Monday, December 21, 2009

The Train and Beijing

Soft sleepers really are the best way to travel.

After I hauled my two over-sized suitcases up the platform, then dragged them on to the train, I found my berth on the second car. There were four beds: two bottoms, two tops. I had the lower left and an older, middle-aged woman had the bottom right. The two tops were to get on at the next stop. Both men. Obvious jokes came to mind.

I read for the first hour while the woman across from me watched me with a strange interest. At one point, she actually reached over, grabbed one side of my book, and twisted it towards her to see what it was. I knew she couldn’t read English, but she could immediately recognize by the form of the writing that it was a book of poems.

“Poetry,” I said. She nodded as if she understood, then went back to staring while I continued to read on. It didn’t occur to me until after I finished the book and set it down in front of me that her interest might have had something to do with the cover of the collection, which prominently features an ink-brush drawing of a nude woman embracing a larger-than-life-sized penis. I was reading “Harlot,” by Jill Alexander Essbaum.

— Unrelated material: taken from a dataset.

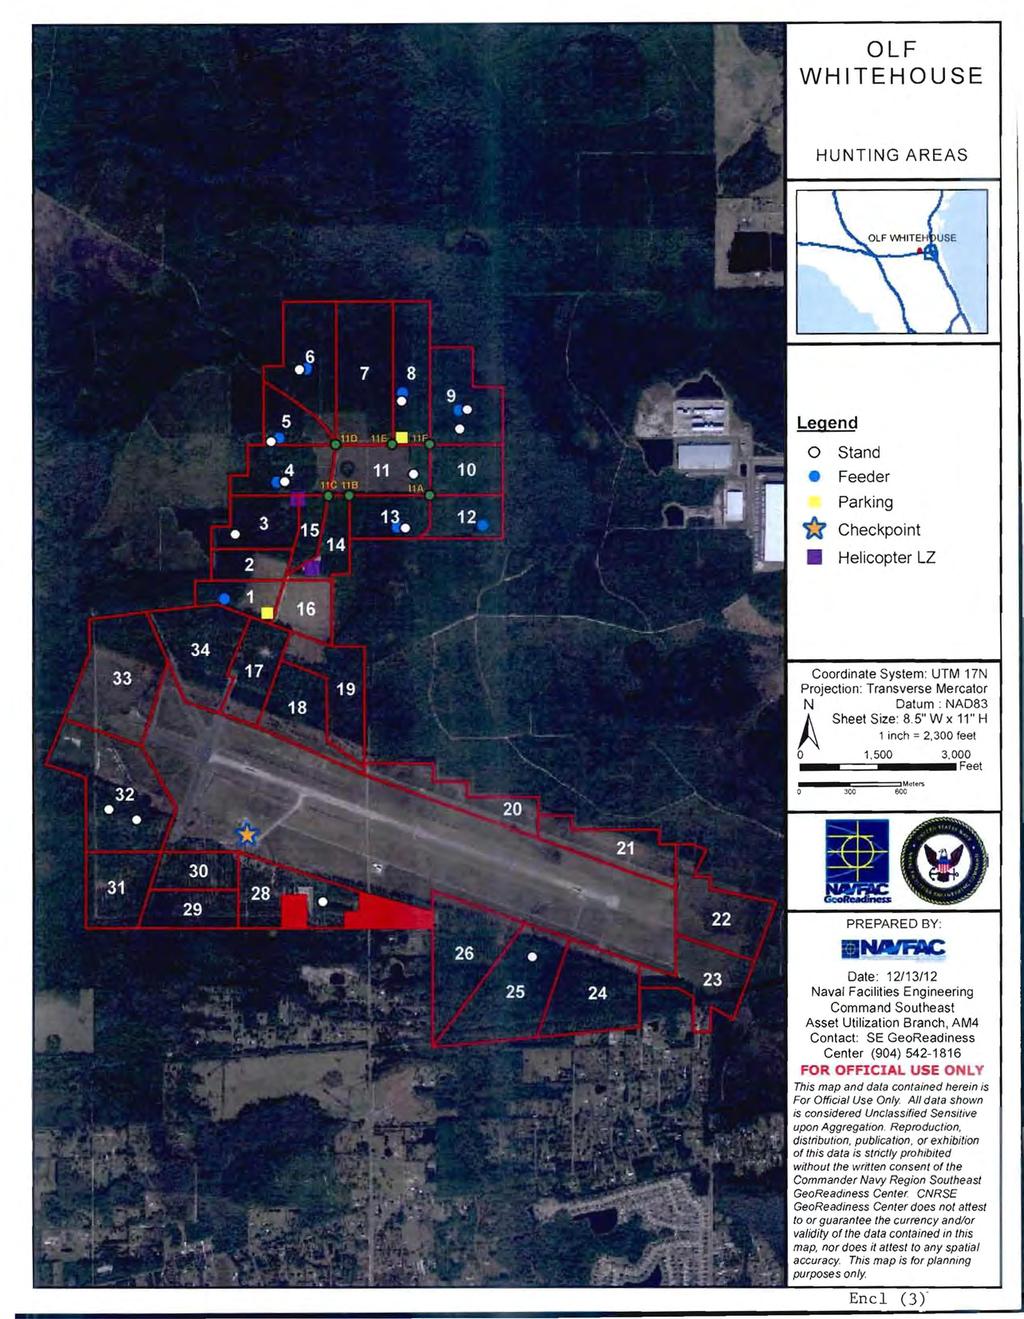 OLF WHITEHOUSE HUNTING AREAS 0 Stand Feeder Parking t:r Checkpoint Helicopter LZ Coordinate System: UTM 17N Projection: Transverse Mercator N Datum : NAD83 J... Sheet Size: 8.5" W x 11" H!

After the hour with the penis-book (which is what I’m sure the woman was secretly calling it to herself), the two men arrived and our berth was full. It didn’t take long for my three train companions to fall asleep, so I switched off the light and sat in darkness, watching China float by in the night.

What I saw passing by were rail-side homes, shops closed and locked up for the night, concrete highway bridges, so many factories and their adjoining barracks, street lamps in their amber sentry, night-rider taxis, and enormous high-rises that looked like monsters after midnight.

There is something incredibly soothing about trains. The hum, the roll of the tracks, the slight rocking, and the steady pace of the railway as it pacifies your voyeuristic desires, all easily lull you to a trance. I’ve never been so comfortable when traveling as I was last night. And the most surprising thing of all may just be that the toilets were western and not squatters.

When my train finally arrived in Beijing, the sun was shining in the early morning traffic. I have not seen sunshine in over two months; Hangzhou has been consistent in its rainy season. Now that I am in the north, I can enjoy colder and drier temperatures along with more of the natural vitamin D. The feeling was incredible and made the twenty-minute taxi ride all the more likable. I sat in the cab, amazed at the sheer size and volume of this city. Beijing goes on and on.

Arriving at my new accommodations (my aunt and uncle’s apartment), I plopped my bags in the street and stared up at a Pepto-Bismol Pink building: home for the next six months. I have my own room at the end of the hall, adjacent to the master bedroom. Two twin beds and a mattress softer than any mattress I’ve felt in the south of China. Down the hall, on the other side of the living room – now decorated in Chinese red ornaments and white snowflakes on a six-and-a-half foot tree for Christmas – and next to the biggest kitchen I’ve seen in China, is my cousin’s room that he shares with his girlfriend. This apartment is a great size and feels like home already.

The neighborhood is its own foreign city central. Just around the corner is a delightful little market called April Gourmet, where I promptly snatched up the best food I have seen since my two-week visa stint to Wyoming in September. Across the street from this was a little Italian restaurant where we all had lunch. I’ve basked in the goodness of a palate cleansing and it hasn’t even been twenty-four hours yet. Already, I love this city.

My aunt M and my cousin’s girlfriend, J, took me shopping in the silk markets this afternoon. Our goal was a specific Christmas-shopping list. I had a few things in mind. The main events: a sweater for my cousin Z, and his brother, JET, who will arrive from Canada on Christmas Eve. I bargained with every stall in the first, second, and third floors of the market. Today was not a successful bartering day. I did manage, however, to buy a nice Hilfiger knock-off for my uncle E. One present down. Four to go. Tomorrow I’m going to work on the others.

As I suspected, life in Beijing is far better than it has been in Hangzhou. Compared to this capital city of twelve million people, Hangzhou may as well have been the countryside. It’s a whole new ball game.